Lam Research Surges 4.90% as Technicals Signal Bullish Reversal
Generated by AI AgentAinvest Technical Radar
Monday, Oct 13, 2025 6:49 pm ET2min read
LRCX--
Aime Summary
Lam Research (LRCX) gained 4.90% in the most recent trading session, closing at $137.81 after trading between $136.58 and $138.90, a move that follows substantial recent volatility. This analysis examines key technical indicators to assess potential future price direction.
Candlestick Theory
Recent candlestick patterns show a significant bullish reversal signal. The session on October 10, 2025, formed a long red candle (open: ~$141, close: $131.37), indicating strong selling pressure. However, the subsequent 4.90% green candle on October 13 closed near its high after holding above the October 10 low of $131.02, suggesting absorption of selling pressure and emerging buyer interest.
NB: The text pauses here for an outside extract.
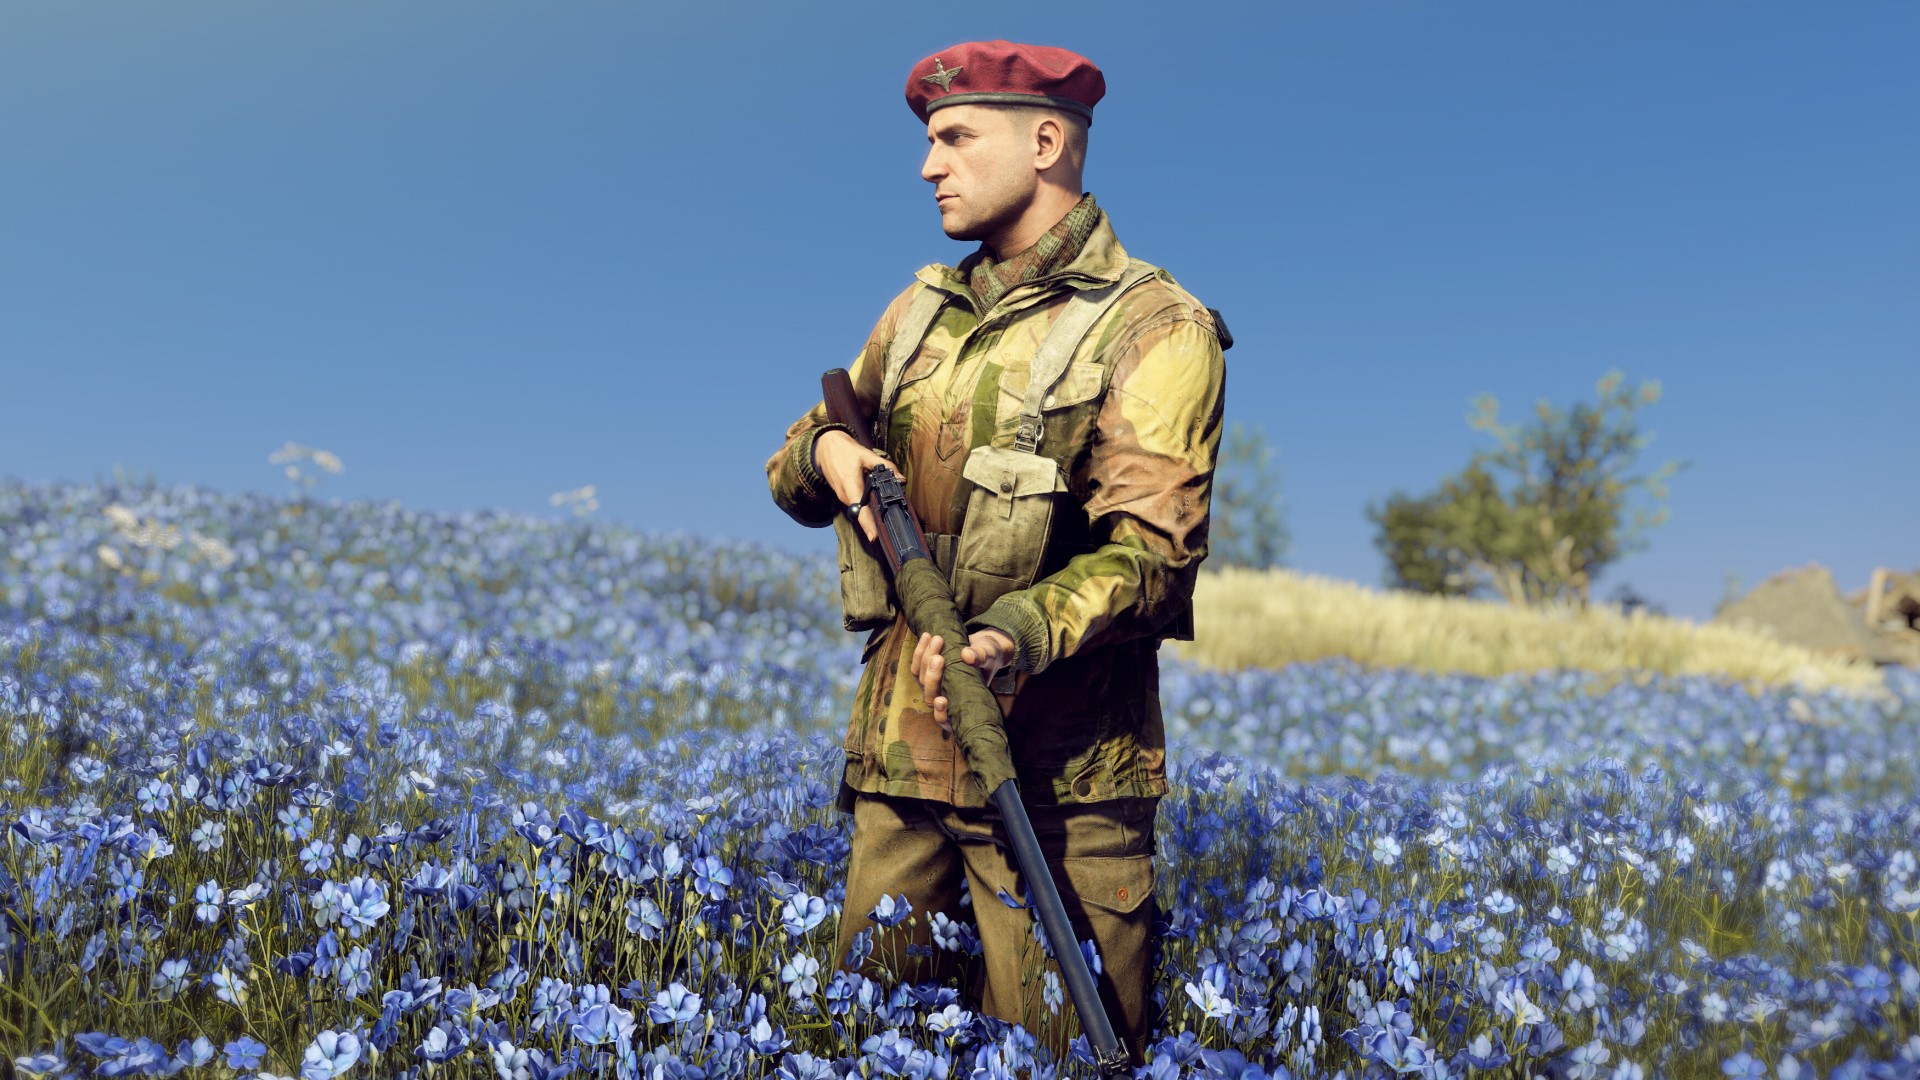 sniper-elite-5-free-dlc-pack-adds-a-dose-of-the-british-airborne

Key support is established at $131.02–$131.37, with resistance near $138.90–$141.80. A confirmed breakout above $141.80 could signal a bullish resumption, while failure to hold $131 risks testing the $125–$126 support zone from September 2025.
Moving Average Theory
The moving average structure remains bullish. Approximated averages place the 200-day MA at ~$100, the 100-day MA at ~$110, and the 50-day MA at ~$130. The current price ($137.81) trades above all three, preserving the sequence 200DMA < 100DMA < 50DMA < price, indicating an ongoing uptrend. Notably, the recent pullback to $131.02 tested and respected the 50-day MA as dynamic support. This configuration reinforces the long-term uptrend, though a decisive close below the 50-day MA would weaken the bias.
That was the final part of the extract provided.